2. That tightness is leading to higher wages. The Bureau of Labor Statistics’ Employment Cost Index released Thursday shows clear signs of an uptick in compensation. Wages climbed by 0.7 percent in the first quarter, lifting the annual growth rate from 2.2 percent to 2.6 percent, the fastest rise since late 2008. Compensation in the private sector grew slightly faster, at a 2.8 percent annual rate — up from 1.7 percent a year ago.
“These growth rates are still quite modest by historical standards, but the upward trend is now very obvious,” Paul Ashworth of Capital Economics said in a note to clients.
That uptrend — seen mostly in high-skill sectors like information technology and professional services but also to some extent in low-wage sectors affected by state and local minimum wage hikes — is evidence that the tightening job market is finally driving businesses to offer higher pay. “Wage growth through much of the recovery from the Great Recession has been slow, as high unemployment has limited the bargaining position of employees. But as job growth has accelerated over the past year and the labor market has tightened, workers have gained more power relative to firms and compensation growth has picked up,” Stu Hoffman, chief economist at PNC Financial, said.
3. Higher wages should power stronger consumer spending. The March spending data out Thursday shows some signs that consumer spending is rebounding, too. Personal consumption expenditures rose a slightly less than expected 0.4 percent in March, according to the Bureau of Economic Analysis.
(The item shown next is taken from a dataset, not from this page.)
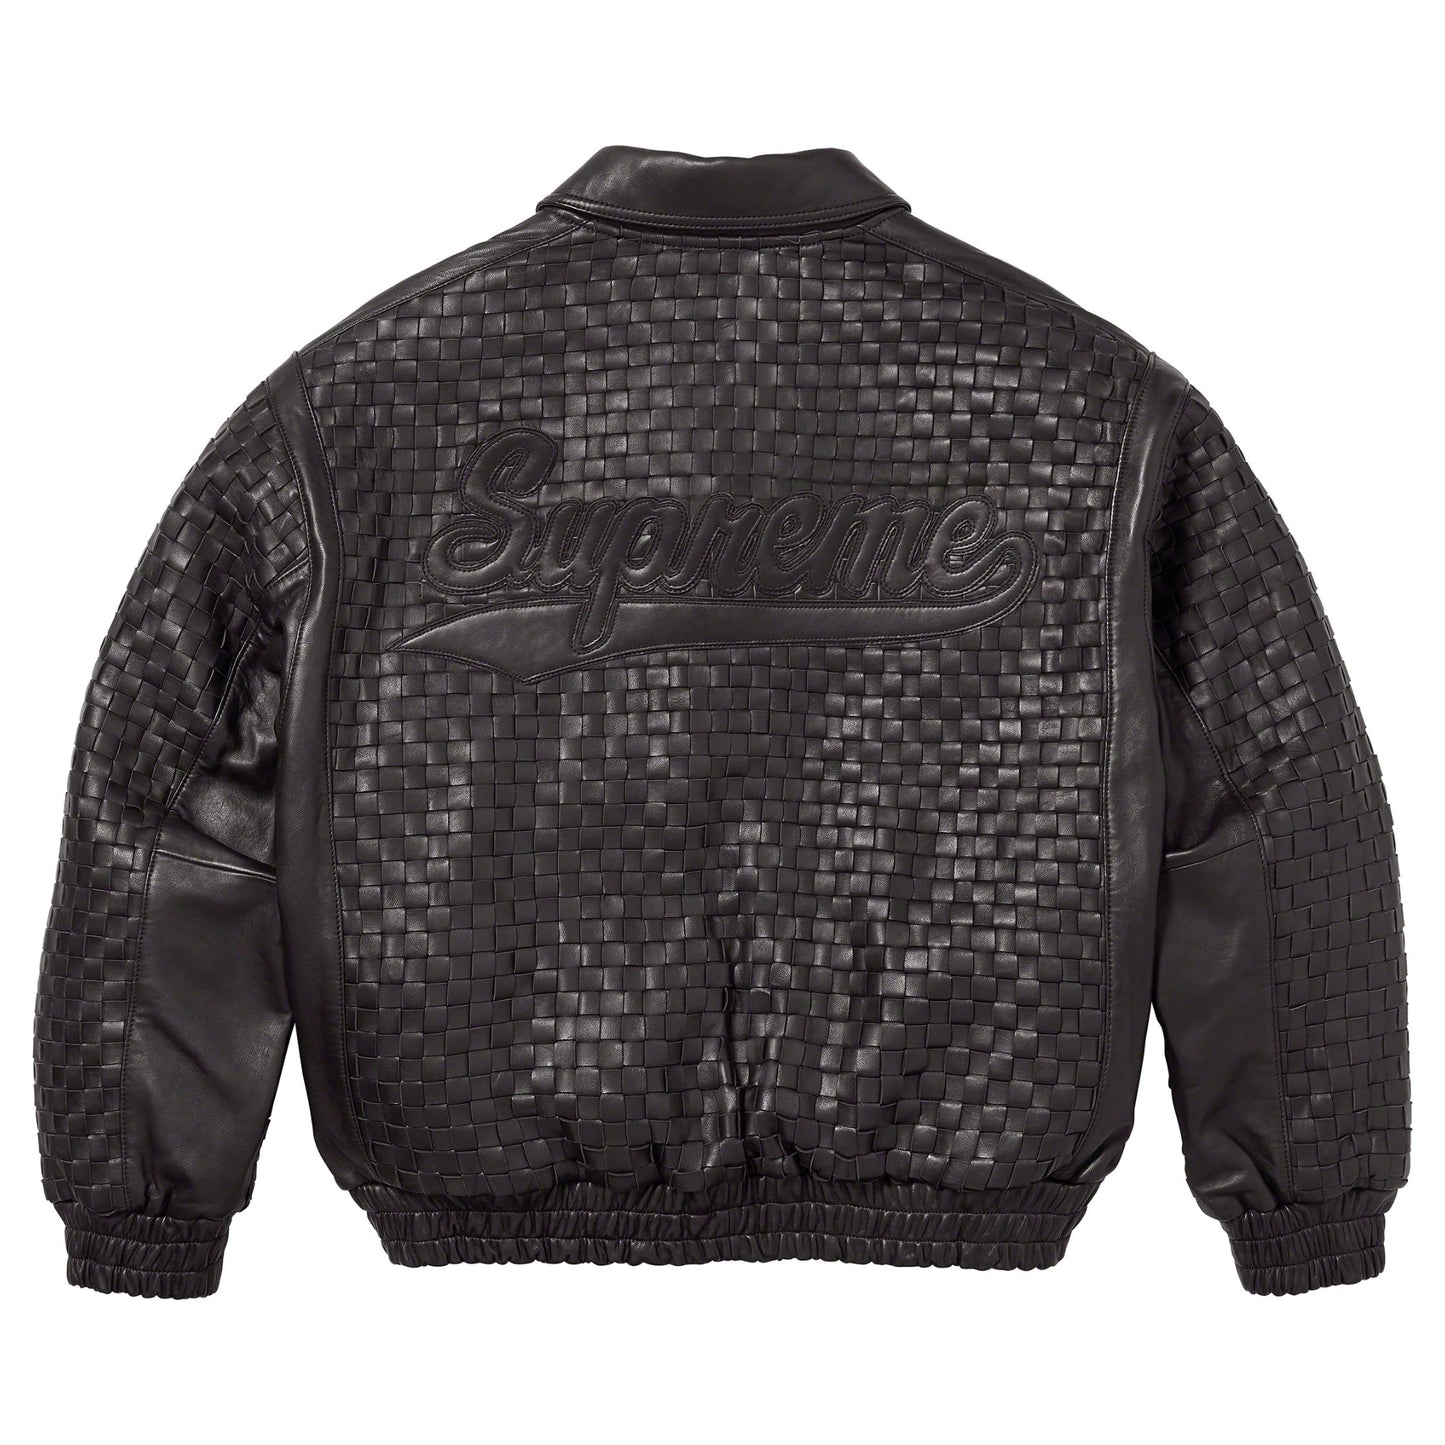 Supreme Woven Leather Varsity Jacket Black

The numbers reinforce the idea that winter weather kept some consumers from shopping while others were holding back to see if their savings from lower gas prices were just temporary.
“Consumer spending came back to life in March after a relatively weak February,” Chris Christopher, Jr. of IHS Global Insight wrote. “In February, spending was weak due to unseasonably colder winter weather, increasing gasoline prices, and high household utility bills. When March rolled around, many Americans headed to the mall, bought that new automobile, and had some extra money since their household utility bills were lower.”
On the downside, inflation-adjusted personal disposable income fell 0.2 percent in March, leading to a decline in the savings rate to 5.3 percent from 5.7 percent in February. Still, over the entire first quarter, real disposable personal income grew at an annual rate of 6.2 percent and Ashworth notes that the savings rate is still above the 4.5 percent range it was at in the fall. “Accordingly,” he says, “there is scope for consumption growth to accelerate even without strong income growth.”
Add in rising wages, and consumers should have more room to spend in the months ahead, adding to the likelihood that the stagnant first quarter of the year was more of a blip than a sign of another slowdown.